US Supreme Court to rule on abortion pill access, in first case since it overturned Roe vs Wade
- The US Supreme Court will decide how available a widely used abortion pill will be
- Pill-induced abortion is now the most common method for terminating a pregnancy in the US

The US Supreme Court will decide how available a widely used abortion pill will be, agreeing to hear the Biden administration’s appeal of a ruling that would bar mail-order prescriptions and require in-person doctor visits.
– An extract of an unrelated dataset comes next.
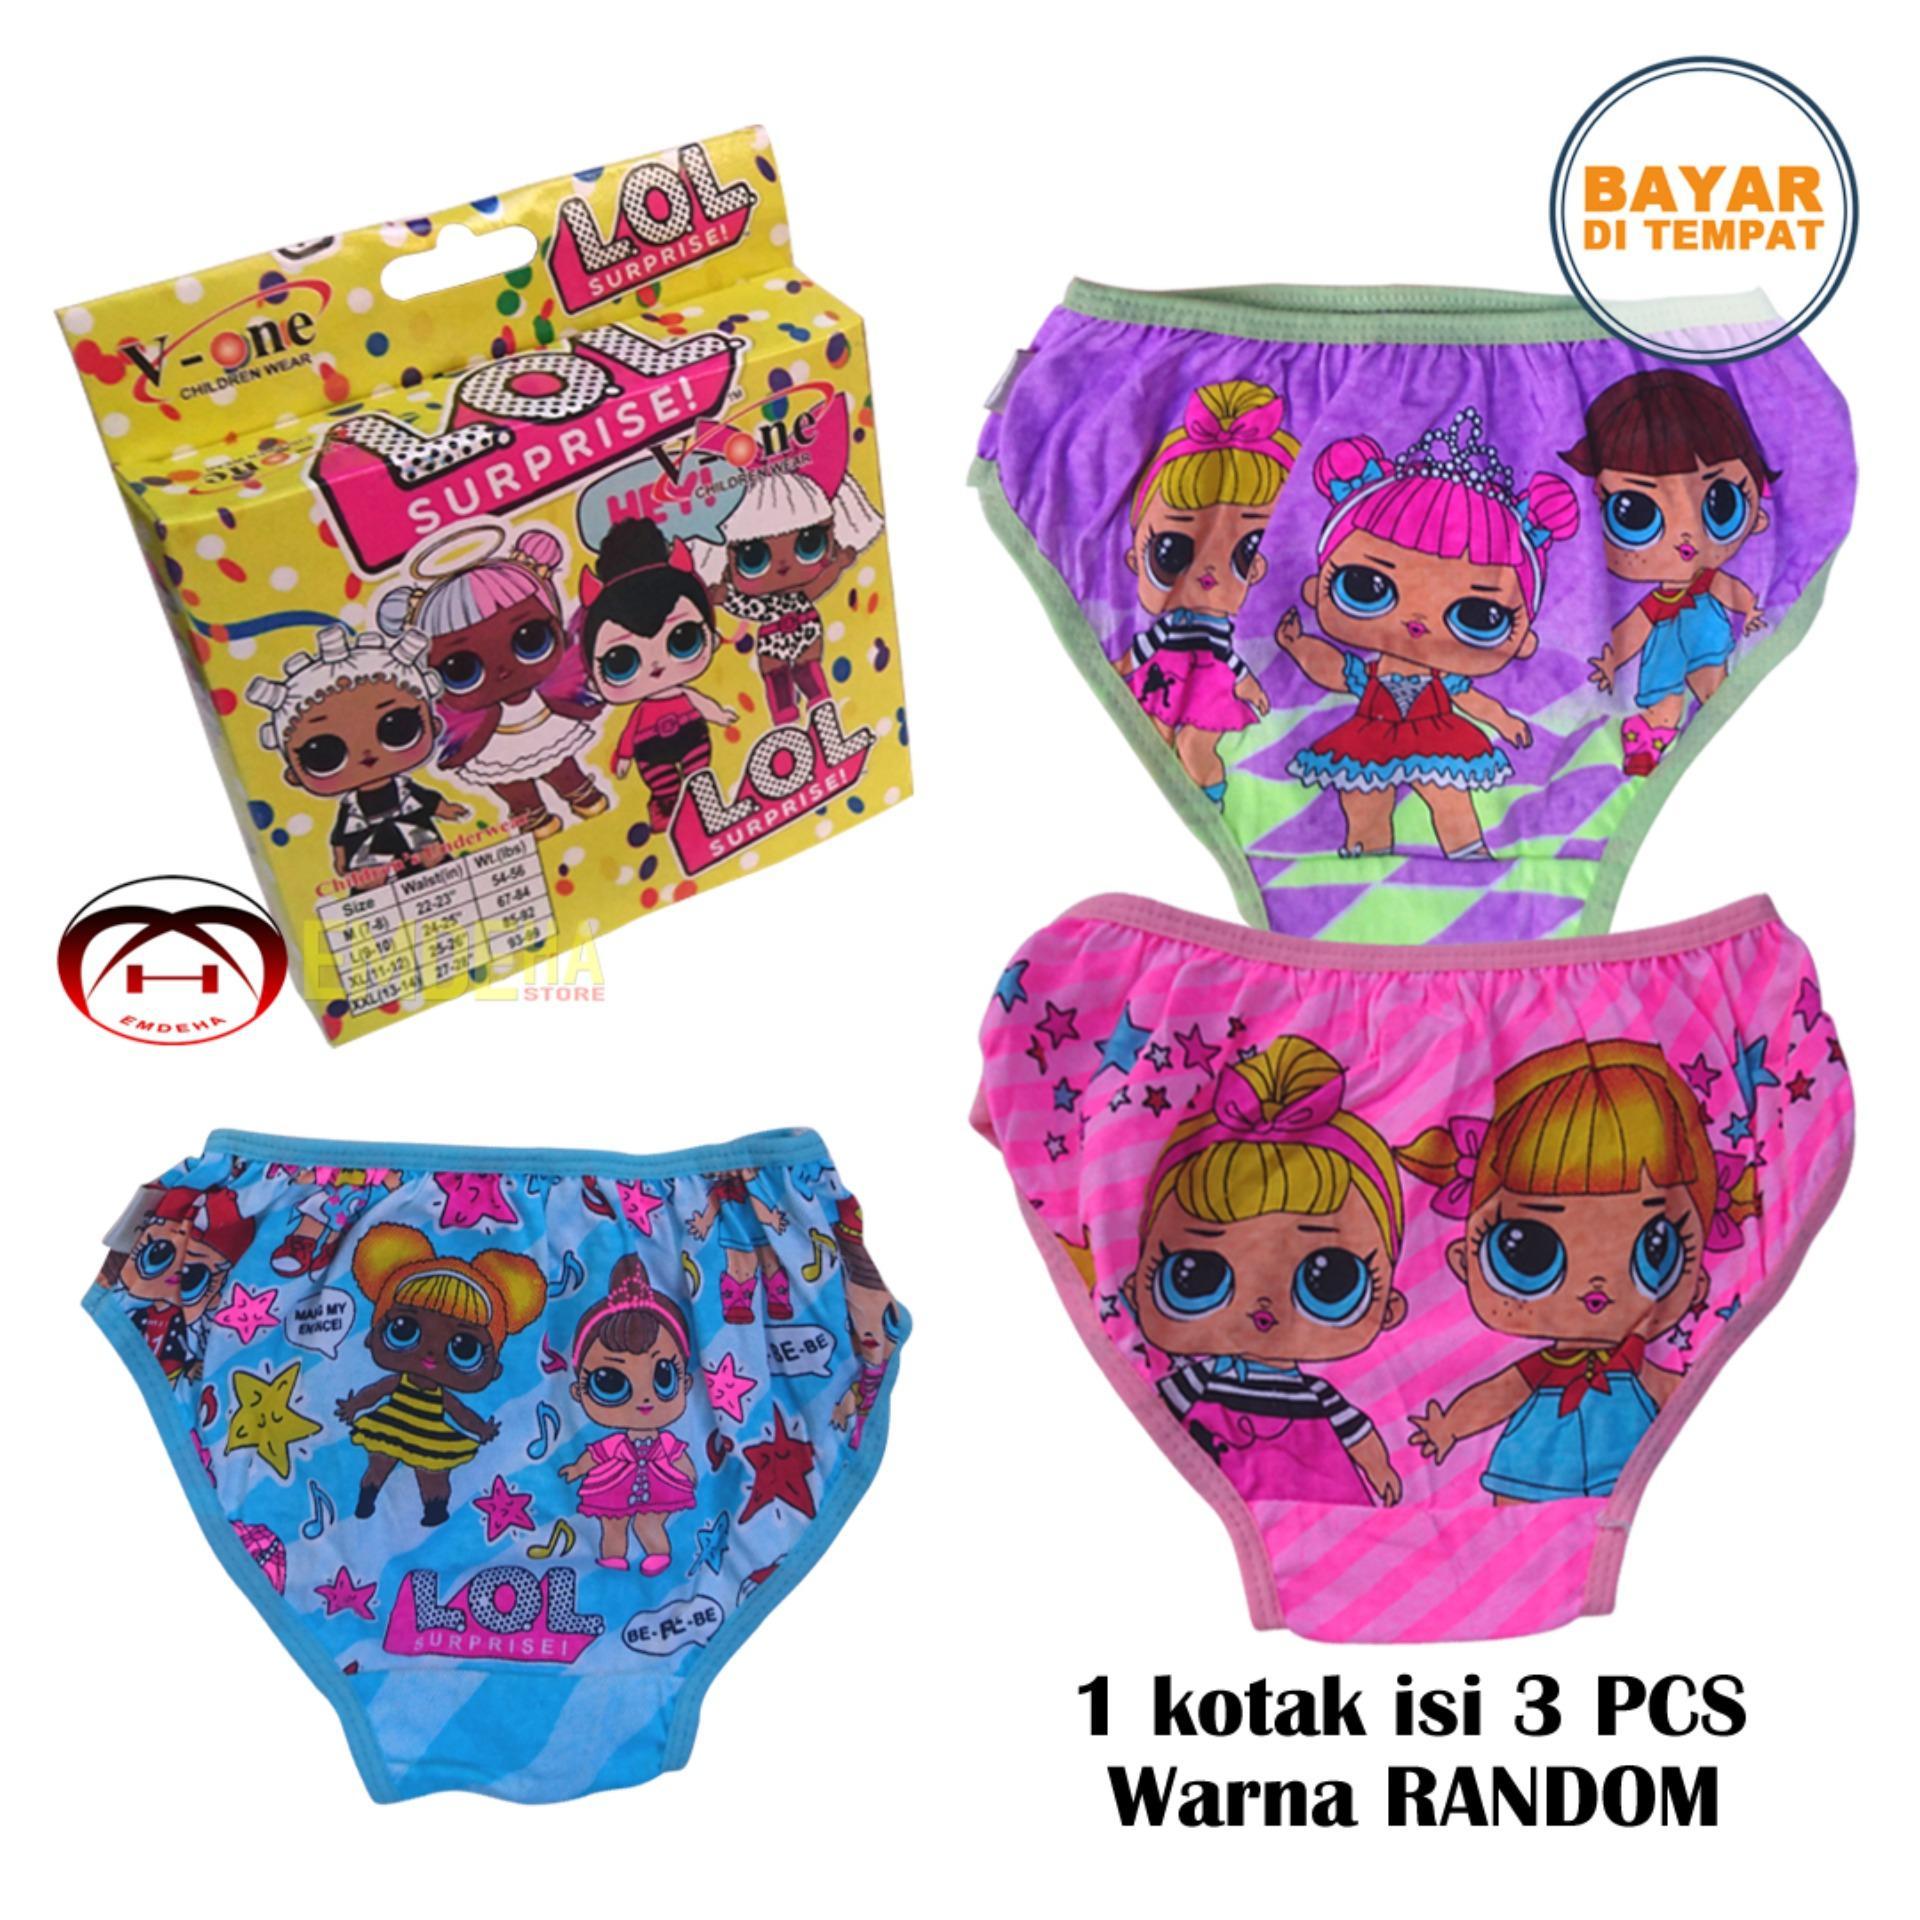 Emdeha Store - 3 Pcs Celana Dalam Anak Perempuan Motif Karakter Gaul Dan Keren Size M, L Dan Xl By Emdeha Store.

The case pulls the justices back into one of the nation’s most bitterly contested issues, setting up a ruling next year in the middle of the presidential campaign. It follows the high court’s 2022 decision overturning the constitutional right to abortion.
Pill-induced abortion is now the most common method for terminating a pregnancy in the US. The drug at the centre of the high court fight, mifepristone, has become a top target for anti-abortion advocates.
More broadly, the case will test the power of federal judges to overrule the Food and Drug Administration on the safety and effectiveness of pharmaceuticals and medical devices. A federal appeal court blocked recent steps taken by the FDA to broaden the drug’s availability, saying the agency gave short shrift to safety concerns.
The Biden administration said it believes the case marks the first time a court has ever restricted an FDA-approved drug on those grounds.
“FDA’s actions were supported by an exhaustive review of a record including dozens of scientific studies and decades of safe use of mifepristone by millions of women in the United States and around the world,” US Solicitor General Elizabeth Prelogar, the administration’s top Supreme Court lawyer, said in the appeal.
The court will also hear a similar appeal from the drug’s manufacturer, Danco Laboratories LLC. A group of anti-abortion doctors and organizations is challenging mifepristone’s availability.